= Beginning of Section =

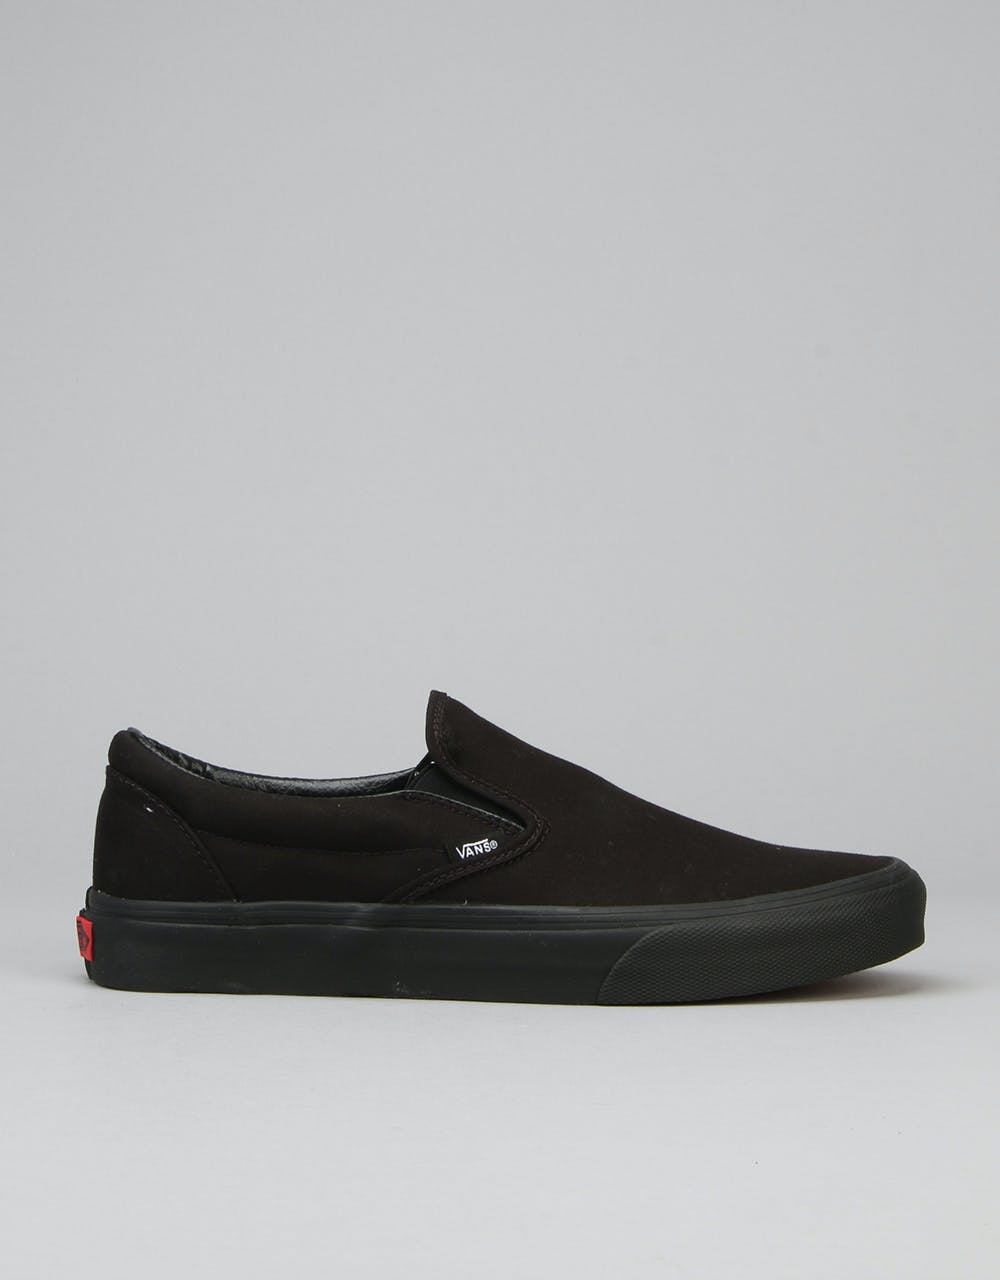 Vans Classic Slip On Skate Shoes - Black/Black
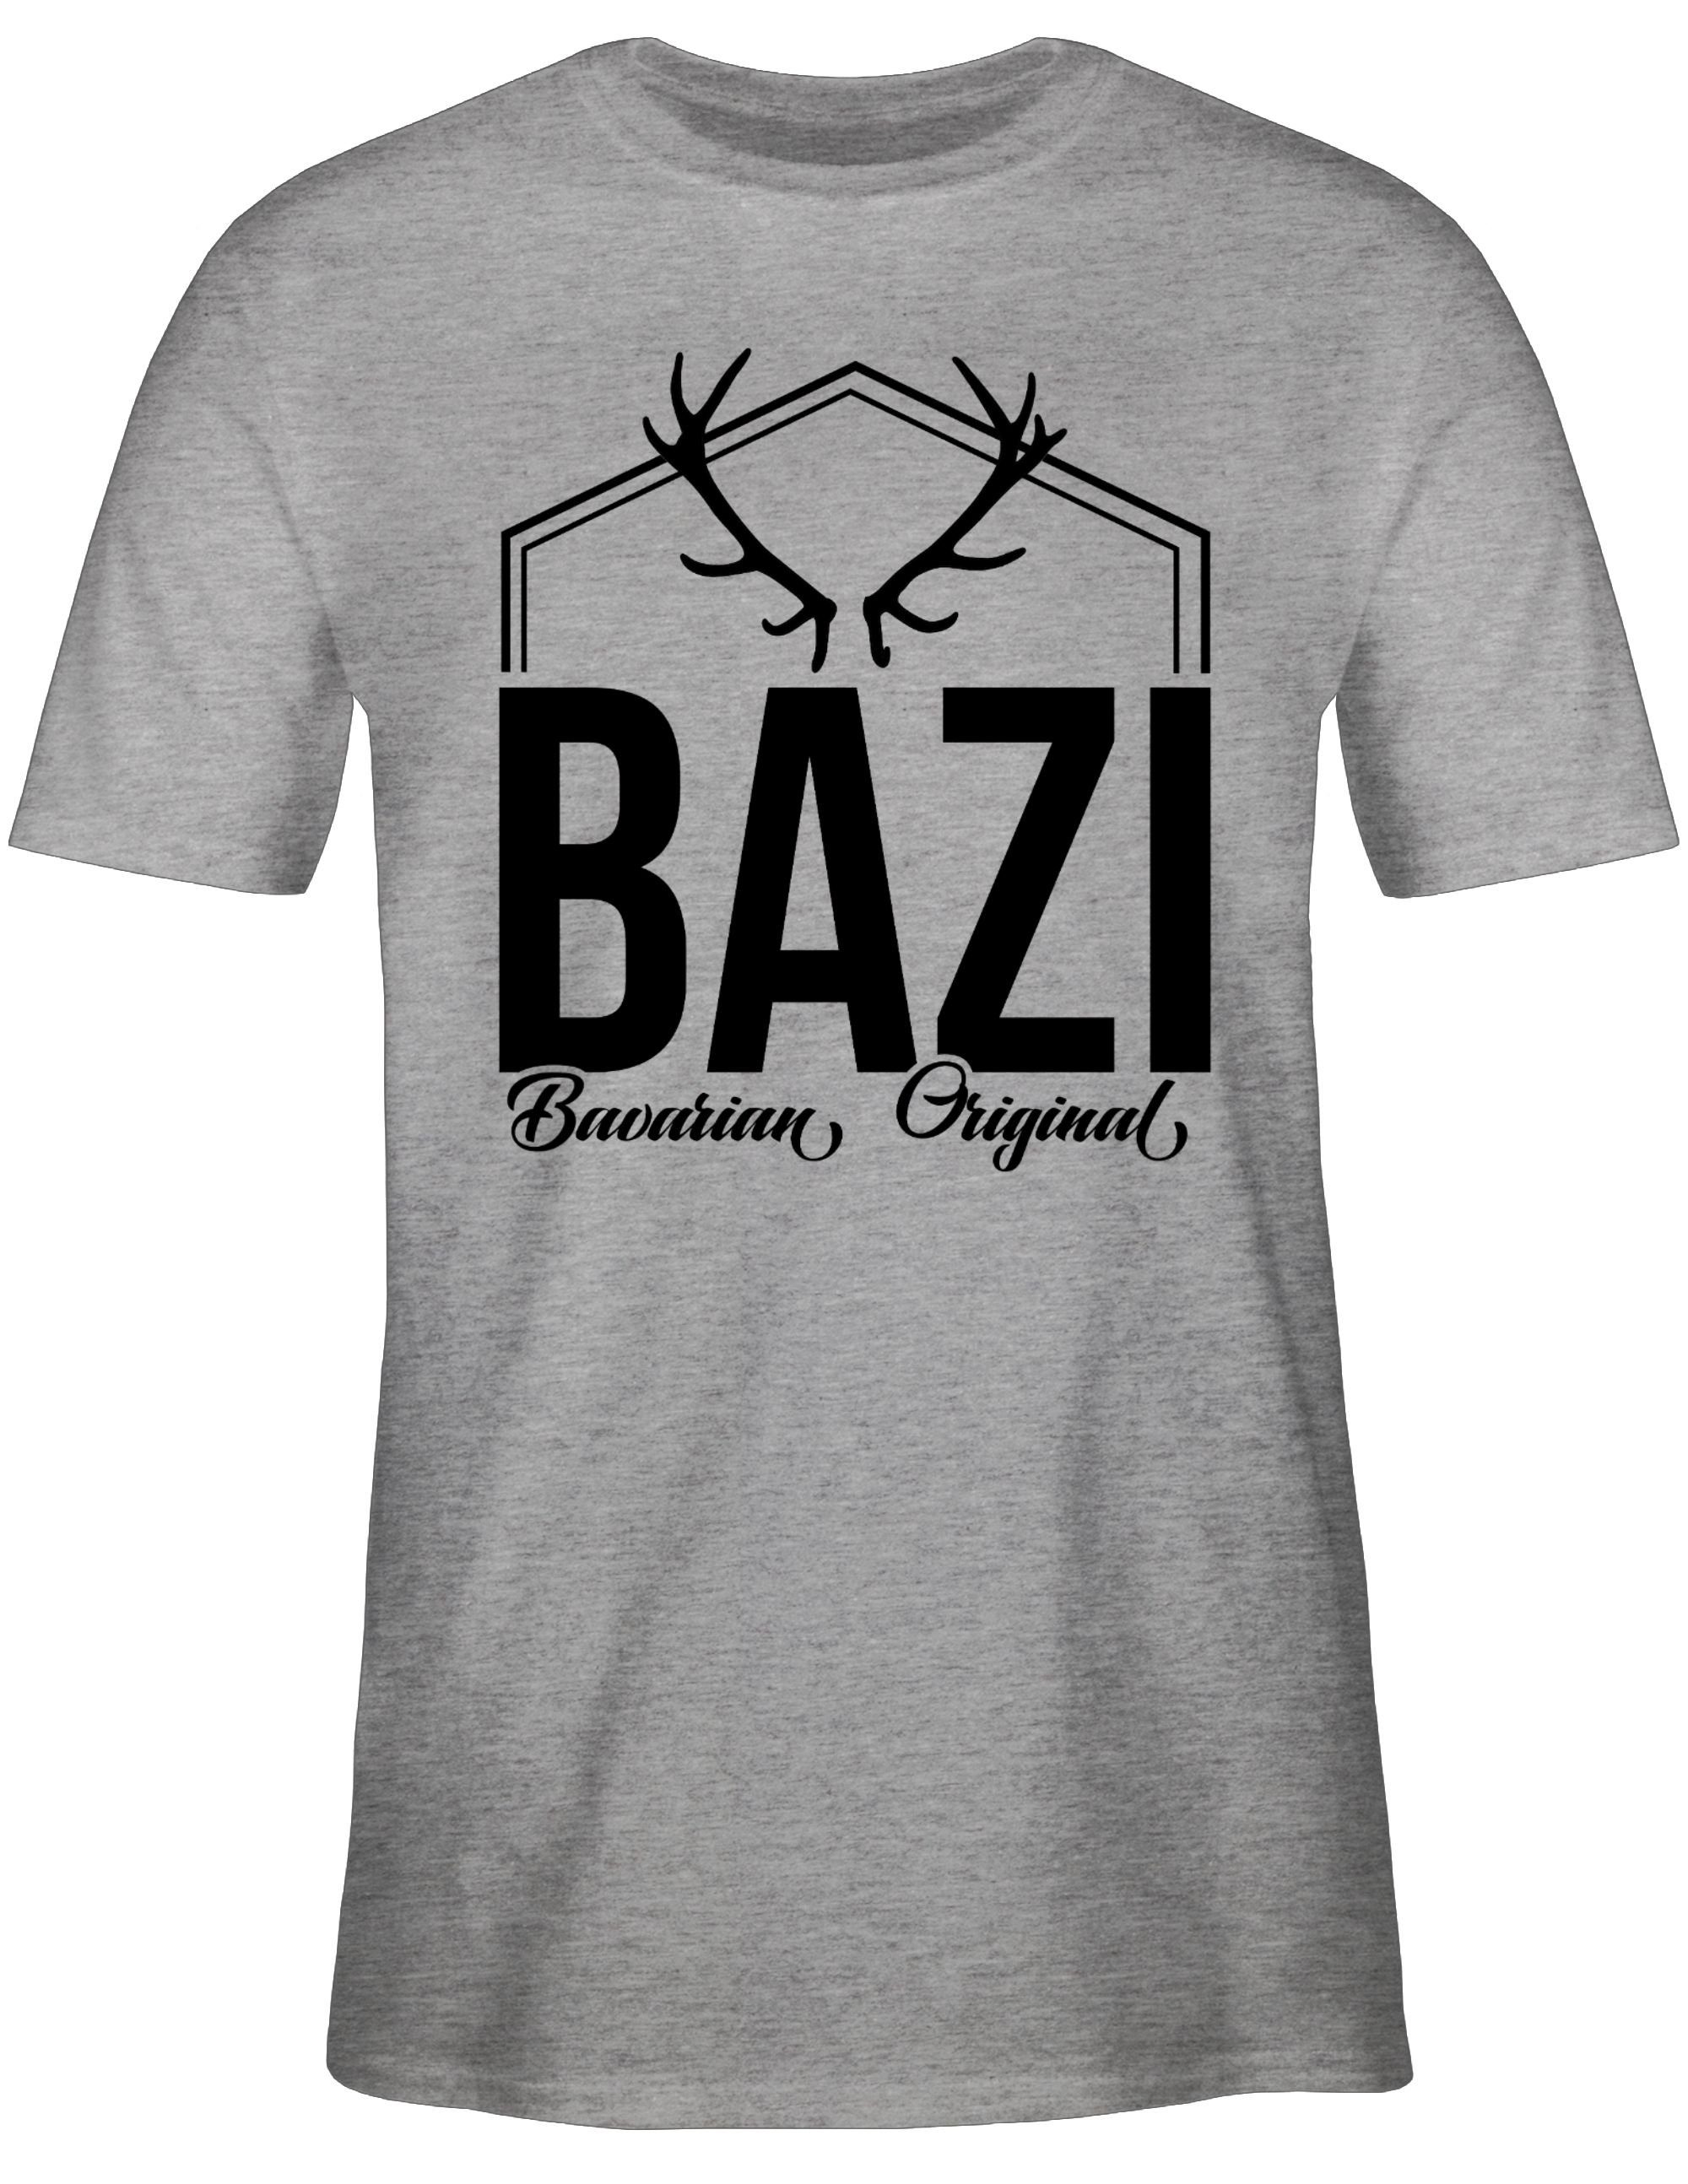 Bayern T-Shirt 2 Original - Grau meliert Männer Bavarian Bazi Shirtracer
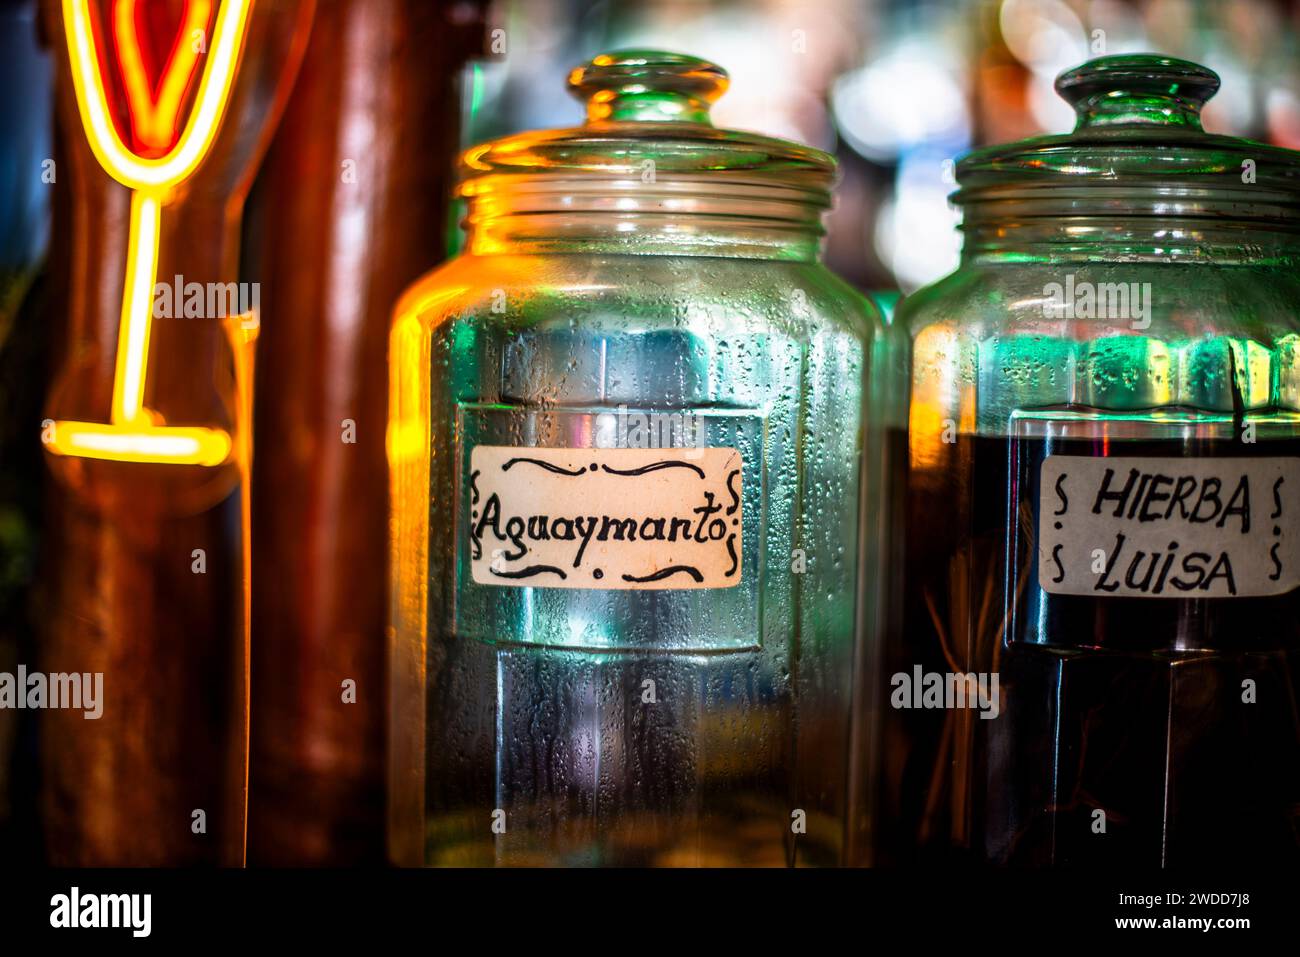 Bottiglia di liquore realizzata con aguaymanto con luce colorata sul retro primo piano della bottiglia con etichetta fotografata in Paracas in Perù Foto Stock

= End of Section =

PROBLEM DESCRIPTION: The data above must be given again in full and unaltered, minus its images.

COMPLETED TASK:
 Vans Classic Slip On Skate Shoes - Black/Black
 Bayern T-Shirt 2 Original - Grau meliert Männer Bavarian Bazi Shirtracer
 Bottiglia di liquore realizzata con aguaymanto con luce colorata sul retro primo piano della bottiglia con etichetta fotografata in Paracas in Perù Foto Stock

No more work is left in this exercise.